A Word on Parent Emotions

It’s not just about the child’s emotions — your feelings matter too. Parenting can be exhausting, and pretending everything is fine all the time is draining. By acknowledging your own emotions, you model for your children that all feelings are part of being human. In CCPT, we believe that a parent’s emotional health is deeply connected to their child’s well-being. Taking care of your emotional needs helps you show up more fully for your child.

The Journey Takes Time

Therapy, much like emotional development, is not something we can rush. Just as it takes time for children to understand and manage their emotions, it takes time for the therapeutic process to unfold. The goal isn't a quick fix but rather long-term emotional resilience. Through play, children explore and express what they may not have the words to say, and this process helps them understand themselves better (Ray, 2011). When we focus on connection over immediate results, we create a space for real growth.

Final Thoughts

In parenting, it’s natural to want your child to be happy. But real emotional health comes from being able to experience and move through all emotions, not just the pleasant ones. Embrace the messy moments. Sit with your child when they’re sad or frustrated. In doing so, you’re helping them develop the tools they need to handle life’s ups and downs — and that’s far more valuable than “good vibes only.”

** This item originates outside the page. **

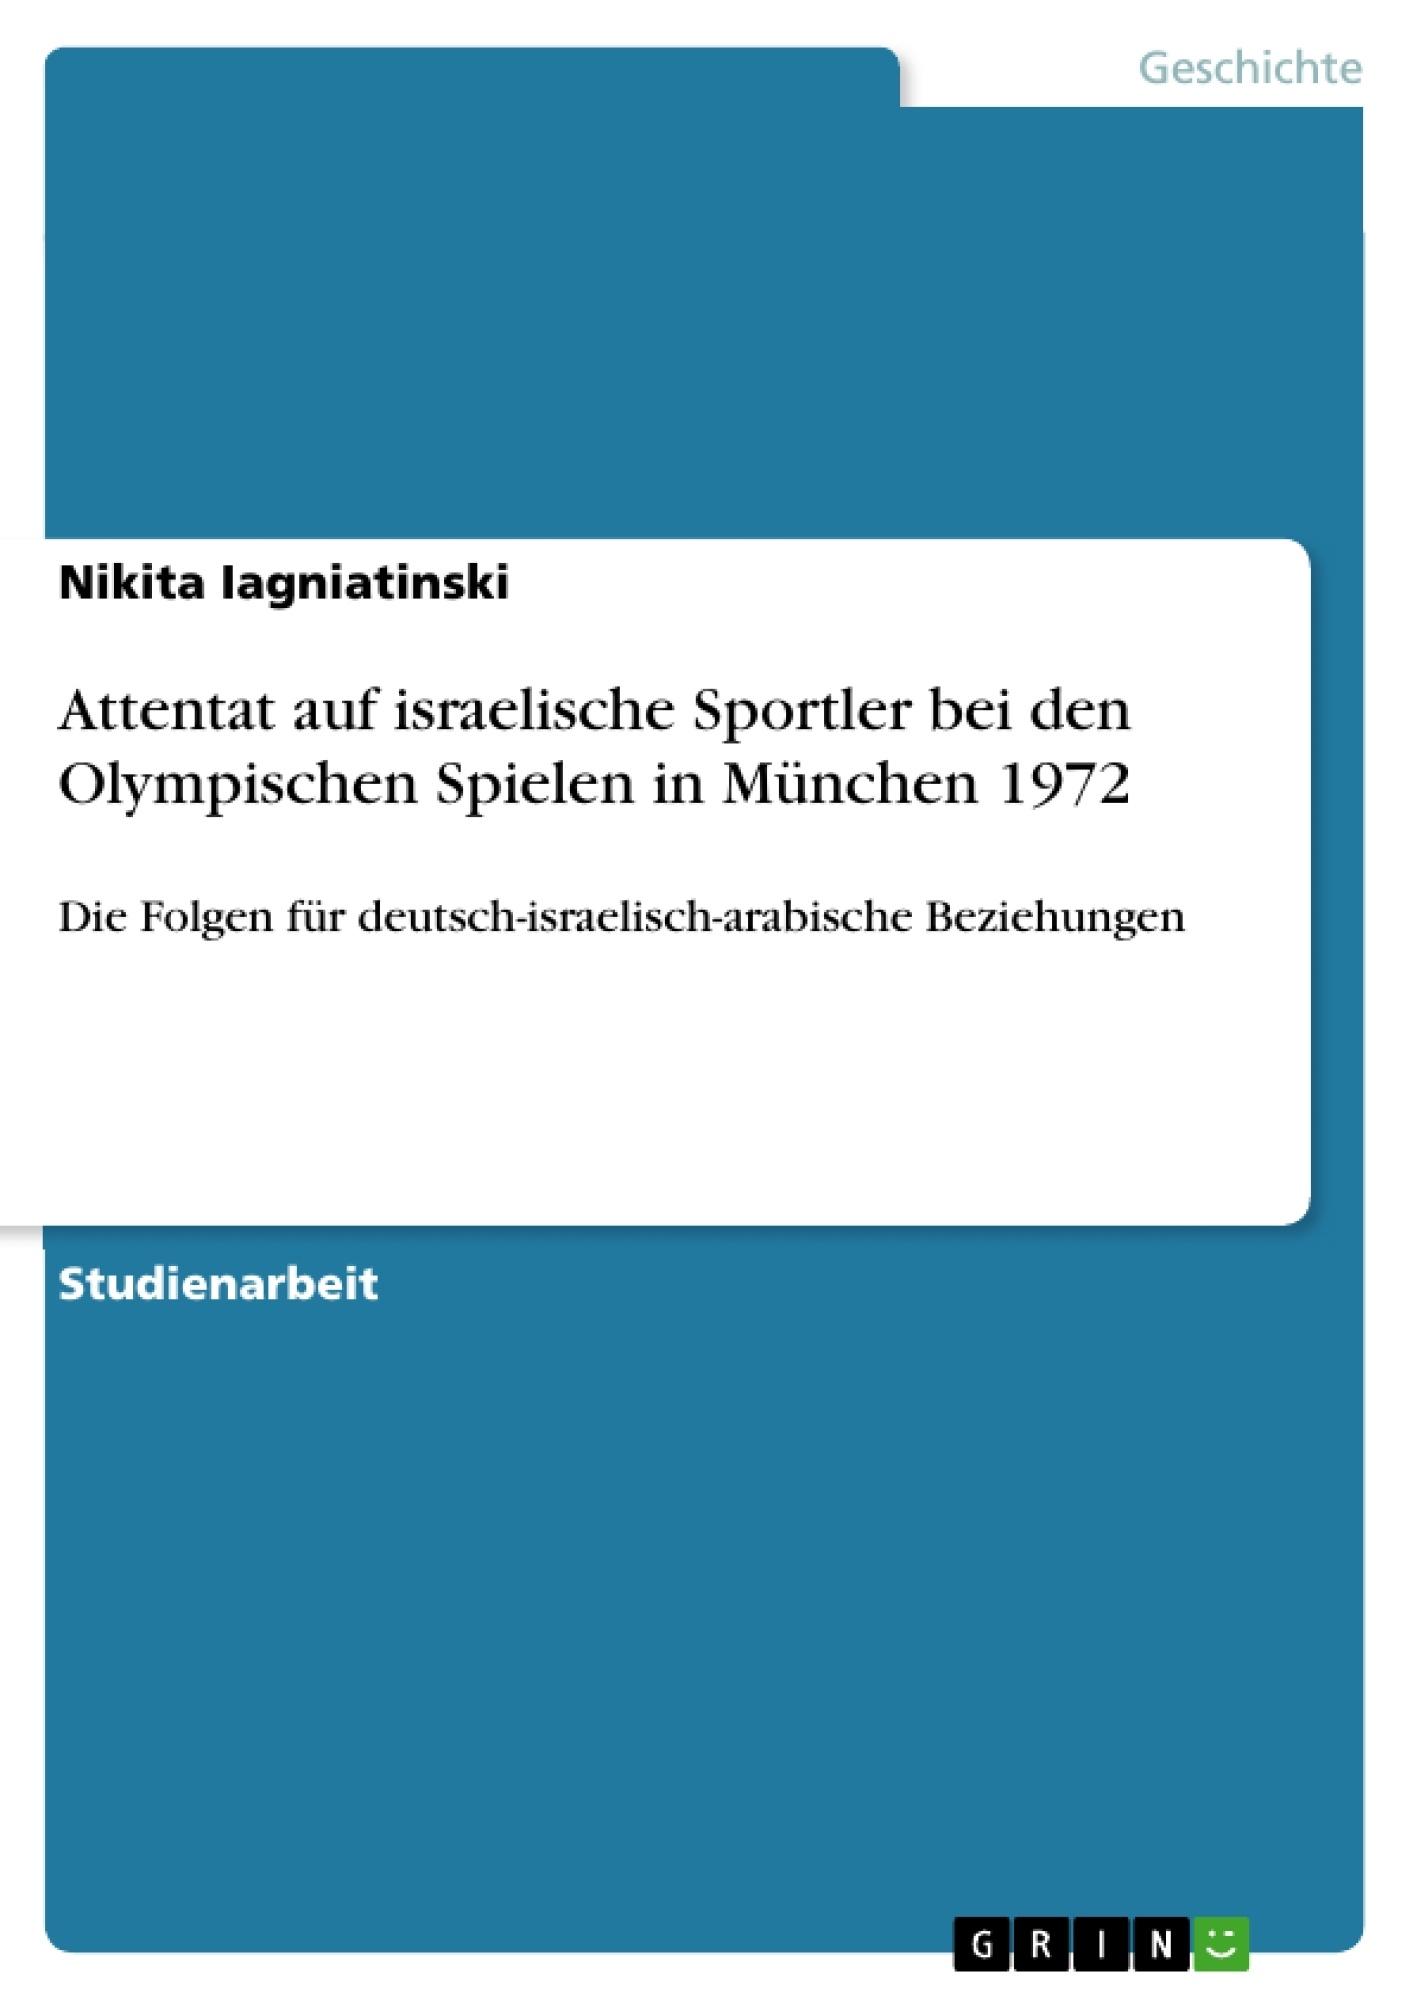 Titel: Attentat auf israelische Sportler bei den Olympischen Spielen in München 1972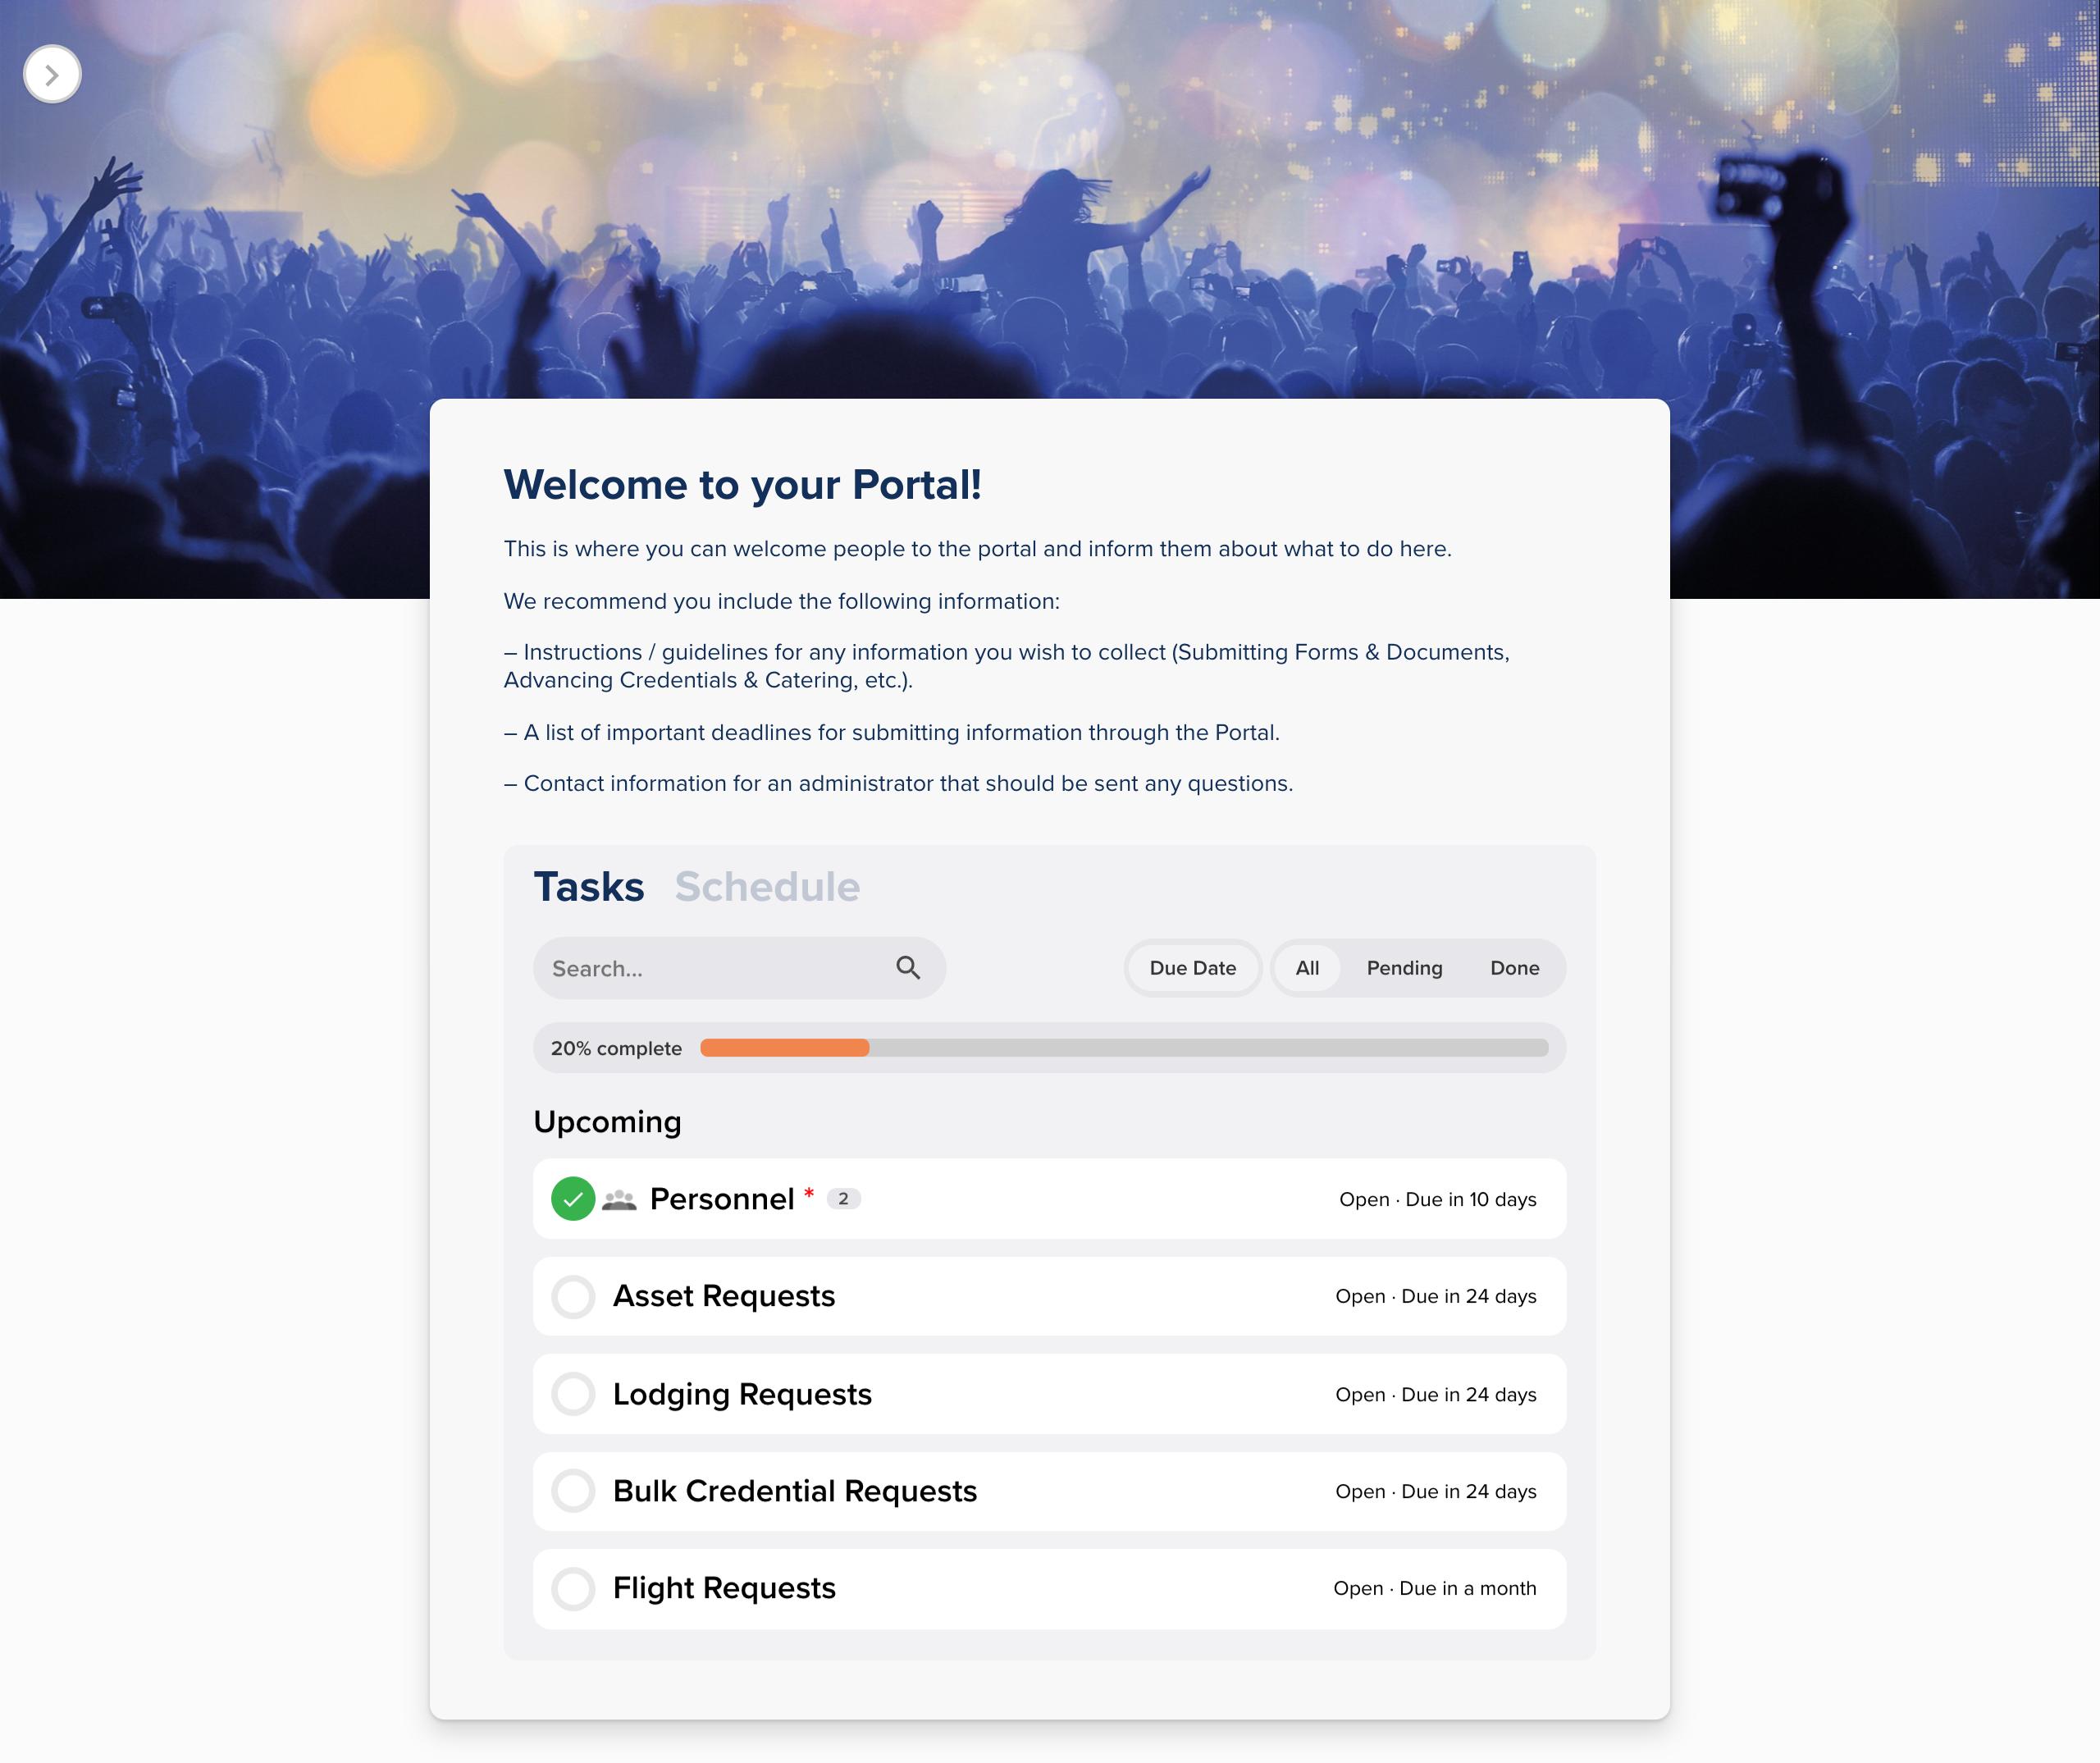 screencapture-app-lennd-portals-acme-festival-2020-ee54f55c-8204-4767-8f74-8be630a1d193-2020-05-19-11_40_20

If you’d like to explore more strategies for supporting your child’s emotional development, reach out to us at Inspiring Play: Child and Family Play Therapy Sunshine Coast. We’re here to support you and your child on this journey.

Child engaging in play therapy session at Inspiring Play Sunshine Coast, guided by a play therapist.

Paediatric Allied Health Therapy, Sunshine Coast, Queensland

References:

  • Delahooke, M. (2020). Beyond Behaviors: Using Brain Science and Compassion to Understand and Solve Children's Behavioral Challenges. PESI Publishing.

  • Landreth, G. L. (2012). Play Therapy: The Art of the Relationship. Routledge.

  • Ray, D. C. (2011). Advanced Play Therapy: Essential Conditions, Knowledge, and Skills for Child Practice. Routledge.

  • Siegel, D. J., & Bryson, T. P. (2012). The Whole-Brain Child: 12 Revolutionary Strategies to Nurture Your Child's Developing Mind. Bantam Books.